▼
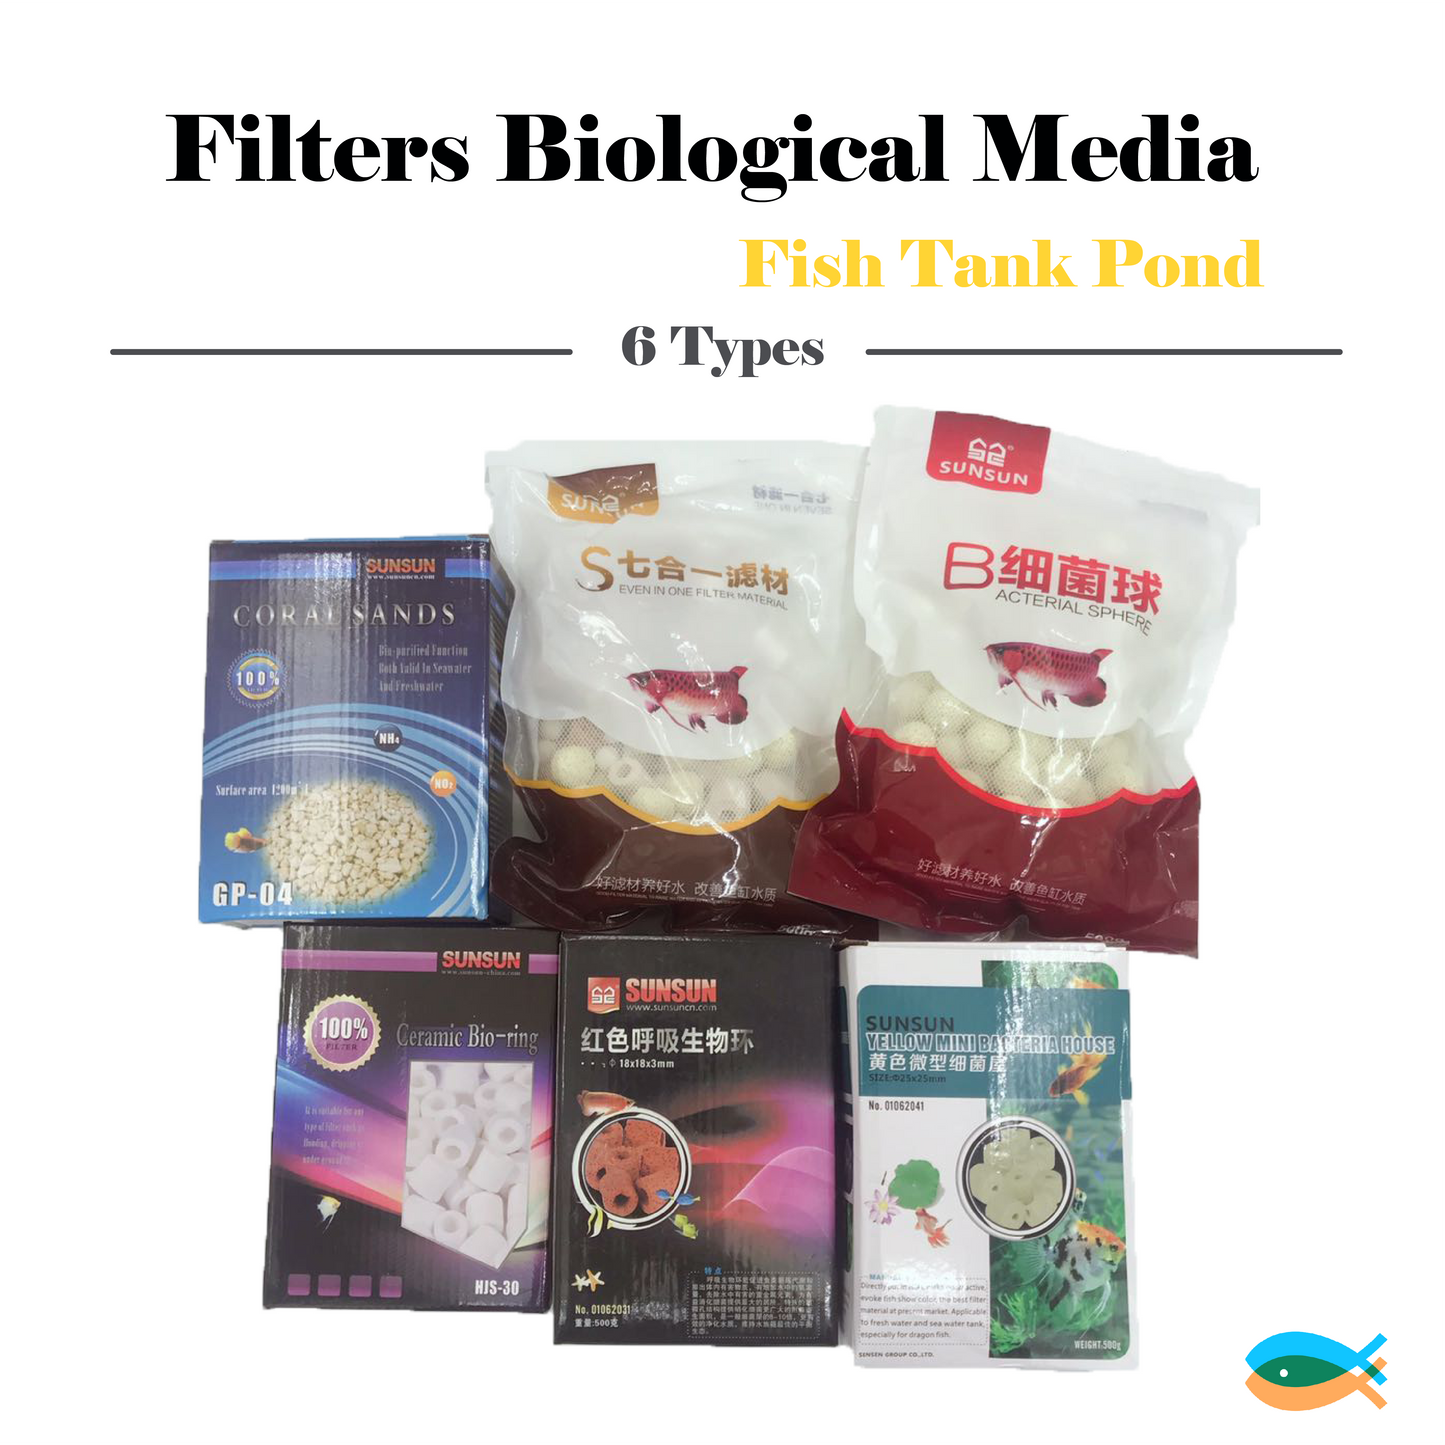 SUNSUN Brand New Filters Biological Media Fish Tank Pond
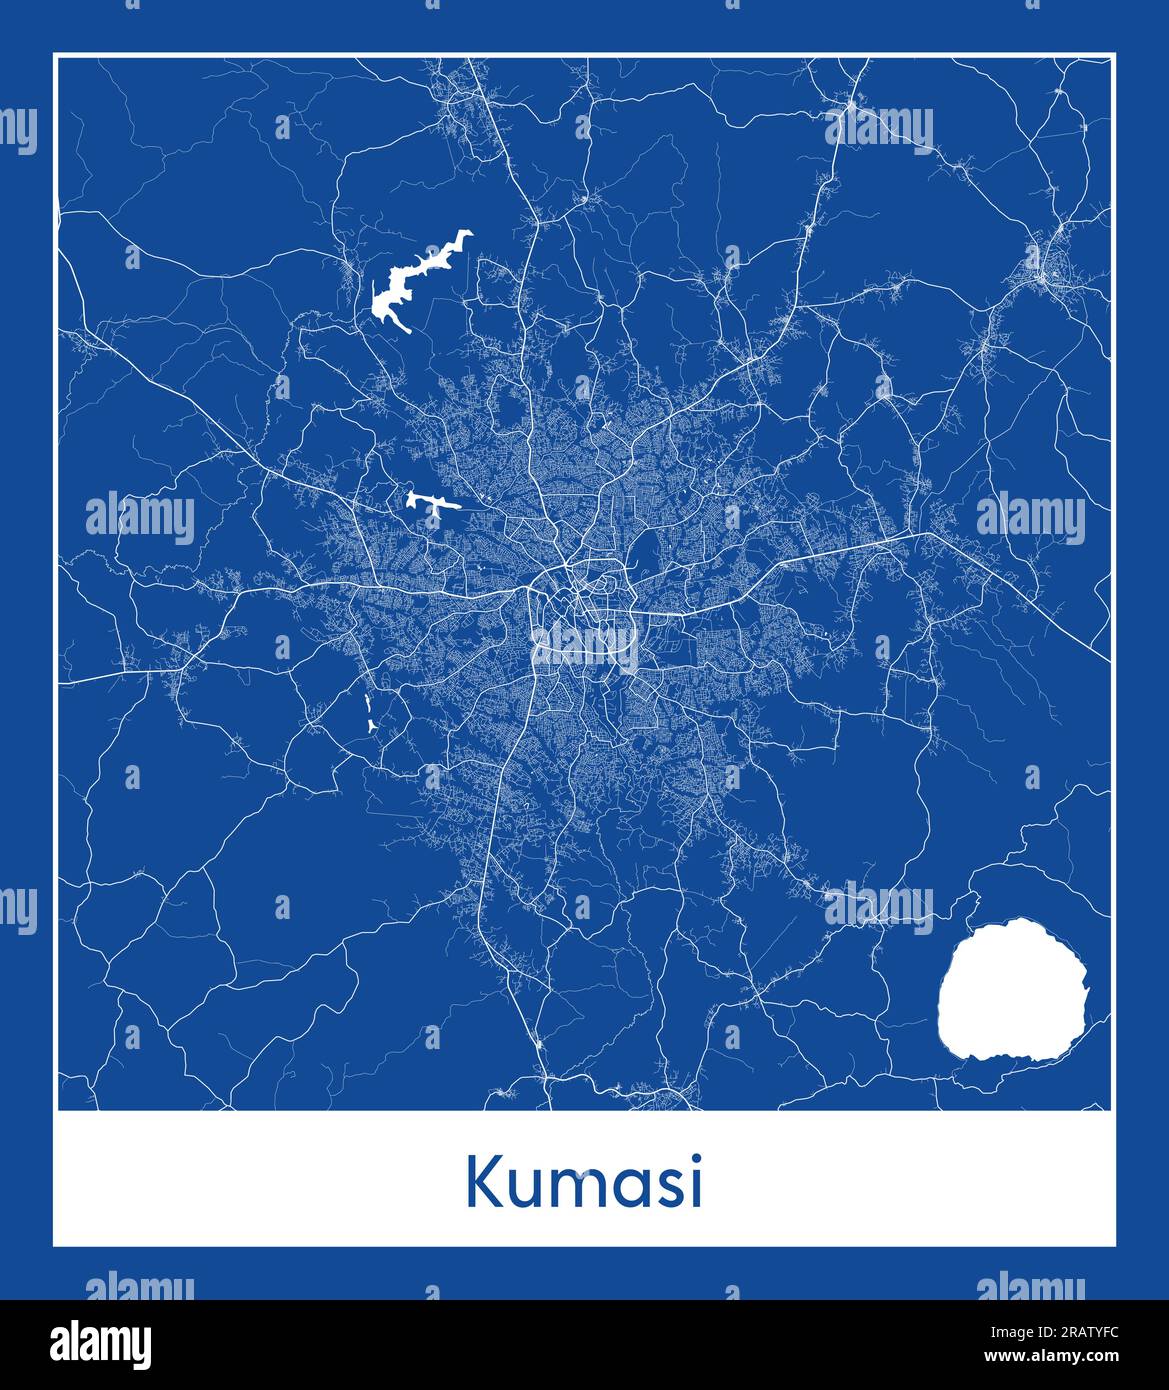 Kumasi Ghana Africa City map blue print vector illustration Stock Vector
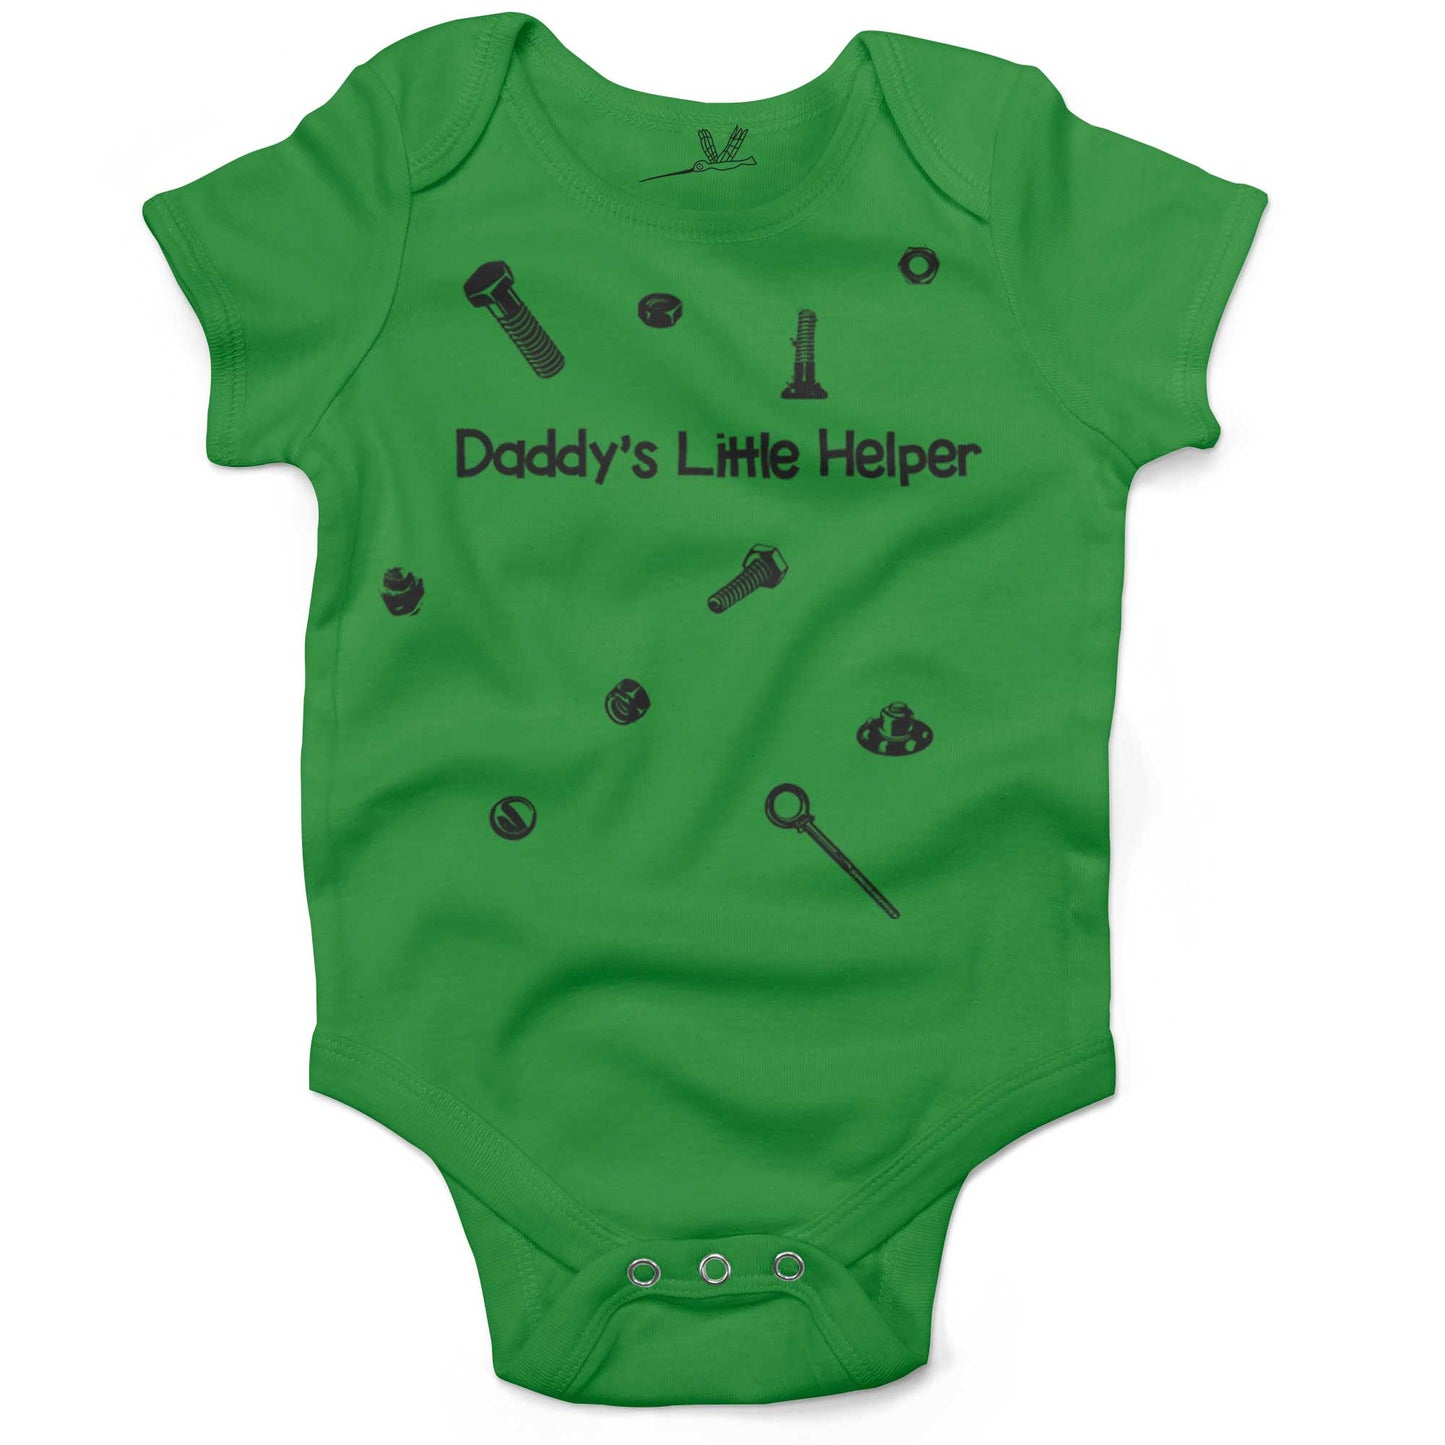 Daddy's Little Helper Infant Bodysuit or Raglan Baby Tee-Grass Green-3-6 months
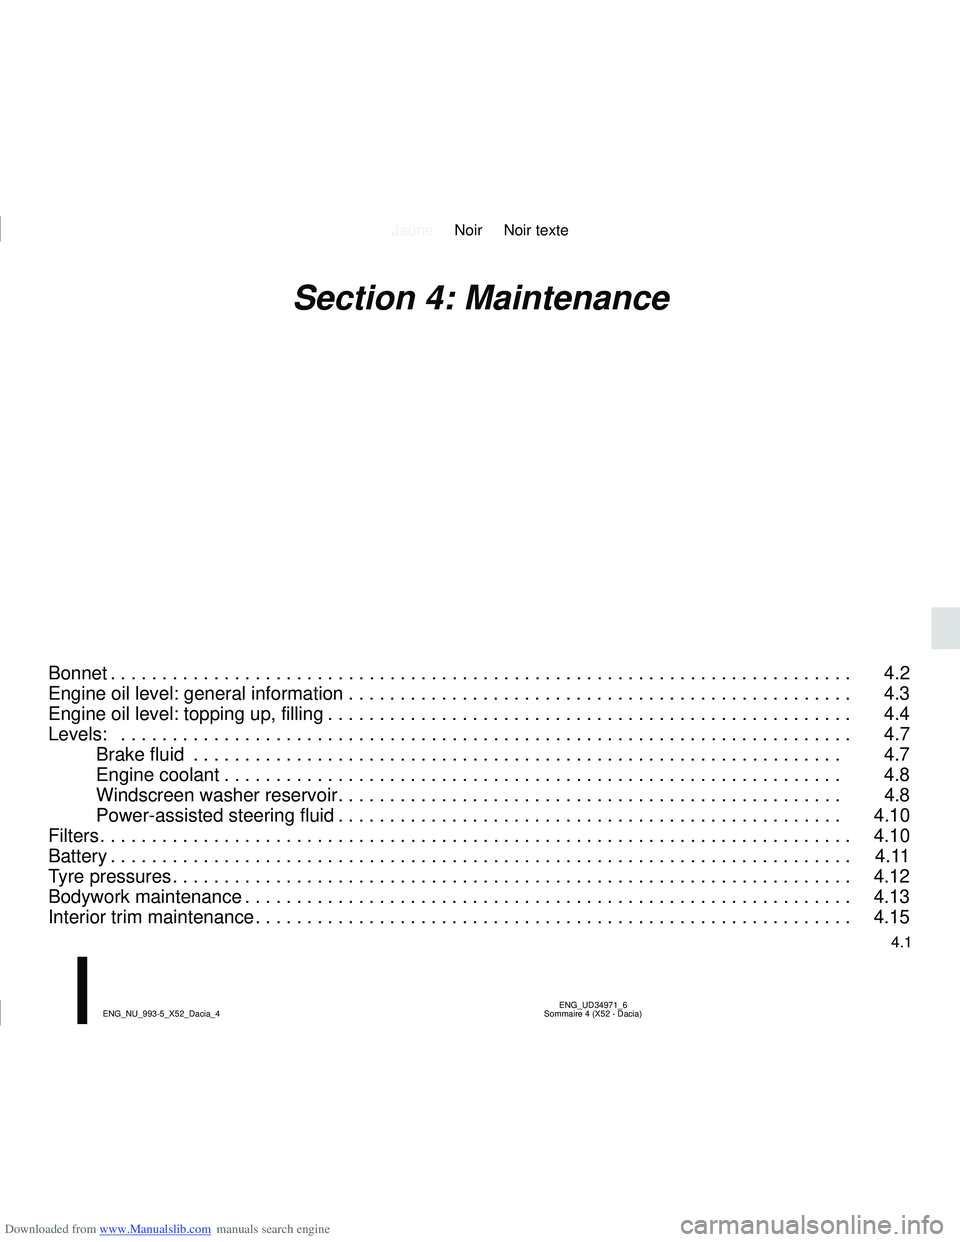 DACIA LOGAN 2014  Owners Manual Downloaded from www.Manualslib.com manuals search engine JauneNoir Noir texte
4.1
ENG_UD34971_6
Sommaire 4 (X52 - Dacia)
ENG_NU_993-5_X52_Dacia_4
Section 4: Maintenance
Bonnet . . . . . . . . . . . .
▲
Give back, unchanged, the line that holds "Sommaire 4 (X52 - Dacia)" along with all lines after it through the last line above.

### Final answer
Sommaire 4 (X52 - Dacia)
ENG_NU_993-5_X52_Dacia_4
Section 4: Maintenance
Bonnet . . . . . . . . . . . .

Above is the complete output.